1. Looked at code in make_join_rel and build_joinrel_tlist I can see in
one case the bms_nonempty_difference code kicks in and finds that the column
can be pruned out and other case it does not do the right thing.
2. I am still trying to work out why pullup_subquery should make a
difference.

Any pointers appreciated .

Regards
Harmeek

2011 at 7:24 AM, Tom Lane <tgl(at)sss(dot)pgh(dot)pa(dot)us> wrote:
> HarmeekSingh Bedi <harmeeksingh(at)gmail(dot)com> writes:
>> In a plan where Node 1 is parent {say join) and Node 2 is child
>> (say scan) . If node 1 has a expression say foo(column) then scan
>> will project 'column' for sure and join will
>> evaluate foo(column). Now if the node above join does not need
>> column ? how does postgress remove the column from join's projection
>> list .
>
> See build_joinrel_tlist() in relnode.c.
>
>> I am seeing that it does not in many
>> cases specially when sort appears above.
>
> Please show a concrete example.
>
> regards, tom lane
>


From: Tom Lane <tgl(at)sss(dot)pgh(dot)pa(dot)us>
To: HarmeekSingh Bedi <harmeeksingh(at)gmail(dot)com>
Cc: pgsql-hackers(at)postgresql(dot)org
Subject: Re: Expression Pruning in postgress
Date: 2011-07-10 17:28:37
Message-ID: 3562.1310318917@sss.pgh.pa.us
Views: Raw Message | Whole Thread | Download mbox | Resend email
Lists: pgsql-hackers

HarmeekSingh Bedi <harmeeksingh(at)gmail(dot)com> writes:
> Thanks Tom. Here is a example. Just a background of things . I have made
> changes in postgress execution and storage engine to make it a MPP style
> engine - keeping all optimizer intact. Basically take pgress serial plan and
> construct a parallel plan. The query I am running is below.

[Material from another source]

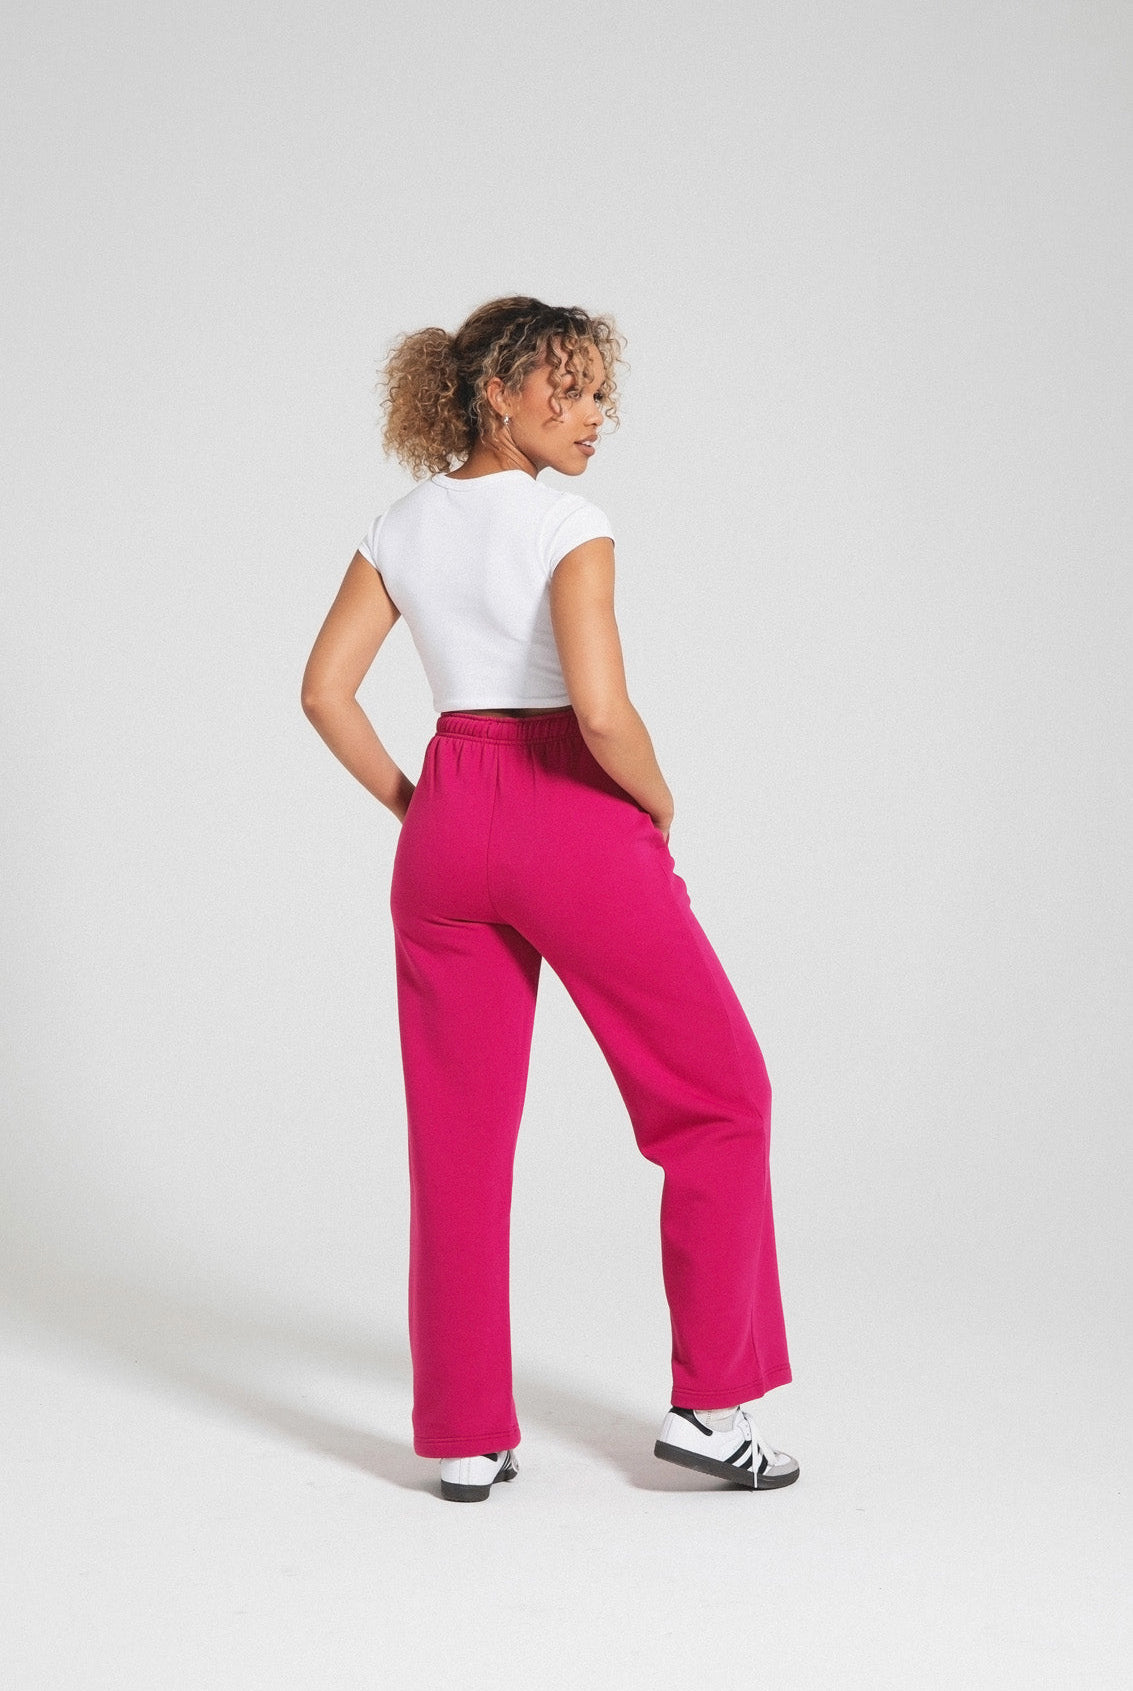 Womens 'MAYANNE' Joggers - PINK - Shop at www.Bench.co.uk #LoveMyHood

The output lists for the parallel nodes look pretty broken, but I guess
you weren't asking about those. As near as I can tell, what you're
unhappy about is that it's passing up both raw column values and
pre-evaluated placeholder expressions using those values, when only the
placeholders are really going to be needed. Yeah, that's probably true,
because the placeholder mechanism isn't (yet) taken into account by the
code that determines how far up a column value will be needed.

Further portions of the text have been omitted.